The latest iteration of the atmospheric probe flew after release from a quad-rotor remotely piloted aircraft on Oct. 22 above Rogers Dry Lake, a flight area adjacent to NASA Armstrong. The probe benefits from NASA 1960s research on lifting body aircraft, which use the aircraft’s shape for lift instead of wings. Testing demonstrated the shape of the probe works.
“I’m ecstatic,” said John Bodylski, atmospheric probe principal investigator at NASA Armstrong. “It was completely stable in flight. We will be looking at releasing it from a higher altitude to keep it flying longer and demonstrate more maneuvers.”
An atmospheric probe model attached upside down to a quad rotor remotely piloted aircraft ascends with the Moon visible on Oct. 22, 2024. The quad rotor aircraft released the probe above Rogers Dry Lake, a flight area adjacent NASA’s Armstrong Flight Research Center in Edwards, California. The probe was designed and built at the center.NASA/Steve Freeman Starting with a Center Innovation Fund award in 2023, Bodylski worked closely with the center’s Dale Reed Subscale Flight Research Laboratory to design and build three atmospheric probe models, each vehicle 28 inches long from nose to tail. One model is a visual to show what the concept looks like, while two additional prototypes improved the technology’s readiness.

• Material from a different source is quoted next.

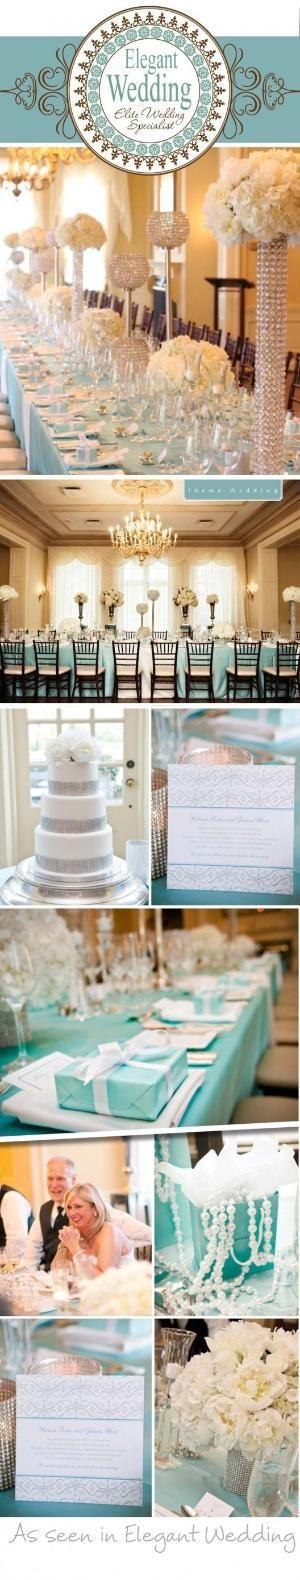 Tiffany Blue Wedding Details By Tebogo Mosiane テーブルコーディネート 結婚式 ウェディング 結婚式 テーブル
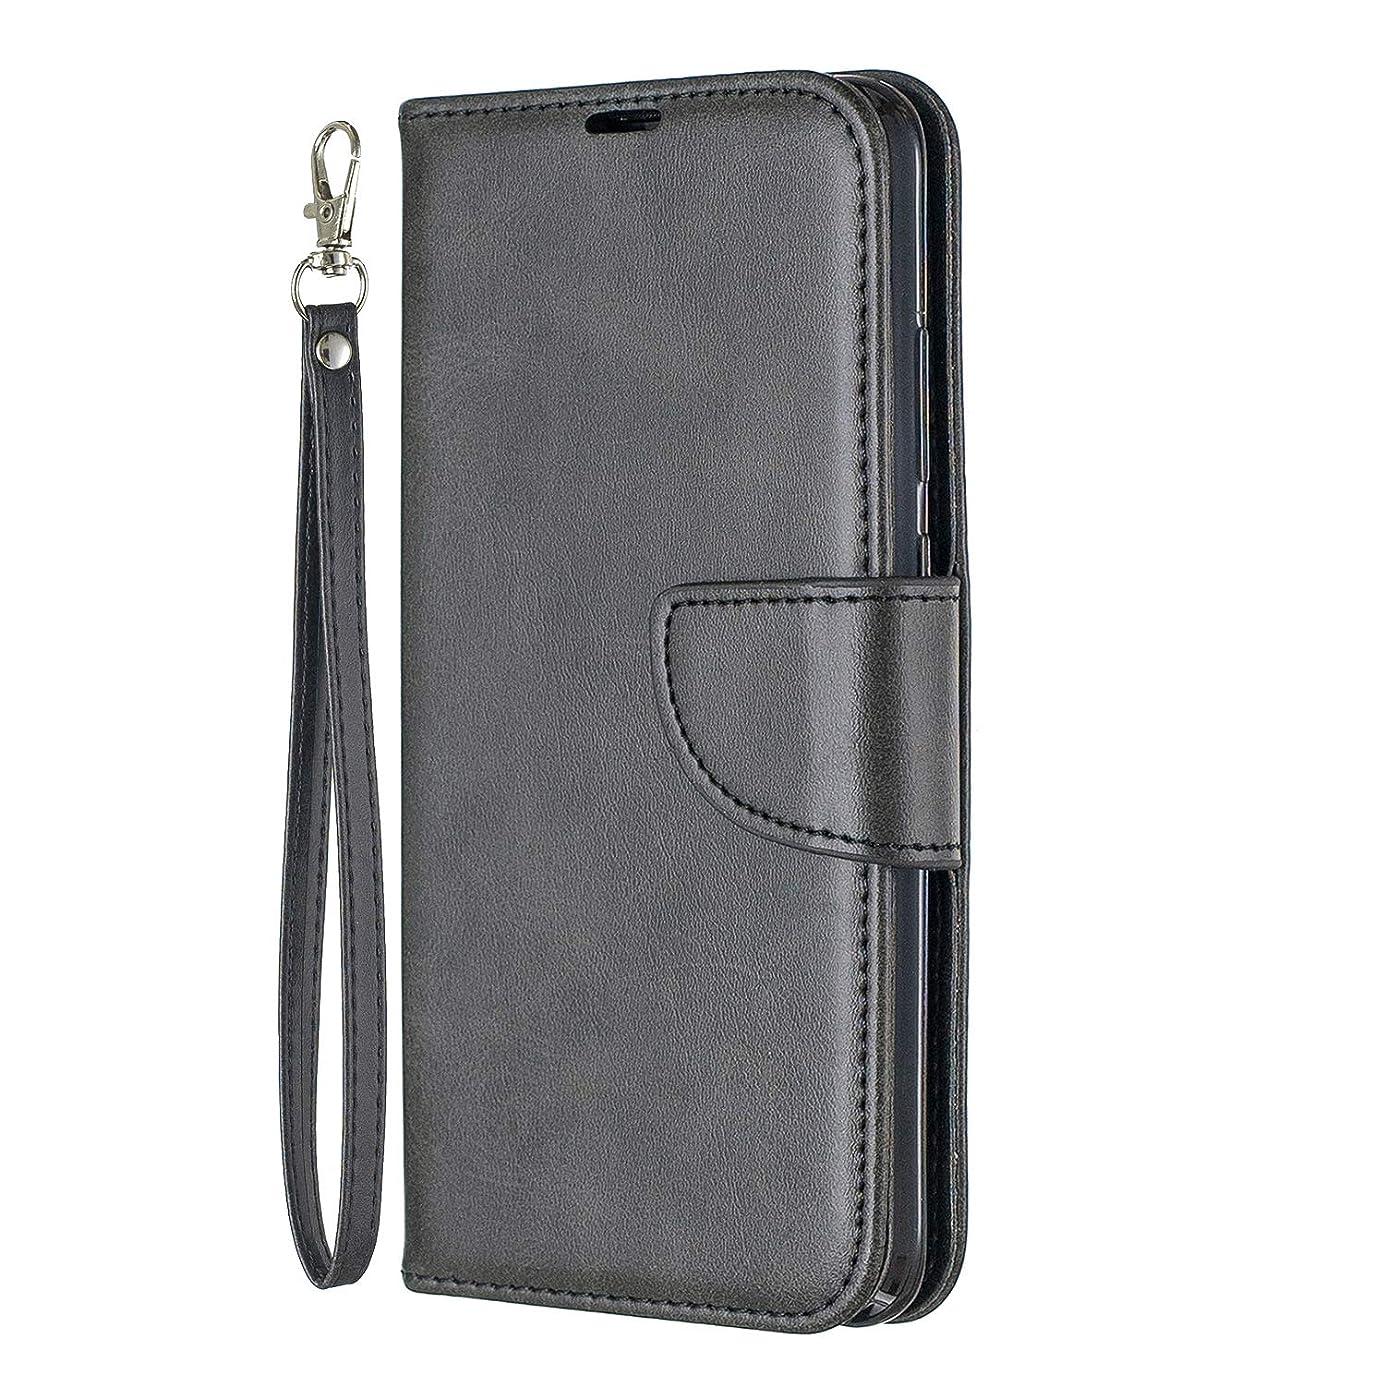 適合する山有効Lomogo Huawei nova lite 3 ケース 手帳型 耐衝撃 レザーケース 財布型 カードポケット スタンド機能 マグネット式 ファーウェイnovalite3 手帳型ケース カバー 人気 - LOBFE150313 黒

The road to the successful flight wasn’t smooth, which is expected with any new flight idea. The first flight on Aug. 1 didn’t go as planned. The release mechanism didn’t work as expected and air movement from the quad rotor aircraft was greater than anticipated. It was that failure that inspired the research team to take another look at everything about the vehicle, leading to many improvements, said Justin Hall, NASA Armstrong chief pilot of small, unmanned aircraft systems.
Fast forward to Oct. 22, where the redesign of the release mechanism, in addition to an upside-down release and modified flight control surfaces, led to a stable and level flight. “Everything we learned from the first vehicle failing and integrating what we learned into this one seemed to work well,” Hall said. “This is a win for us. We have a good place to go from here and there’s some more changes we can make to improve it.”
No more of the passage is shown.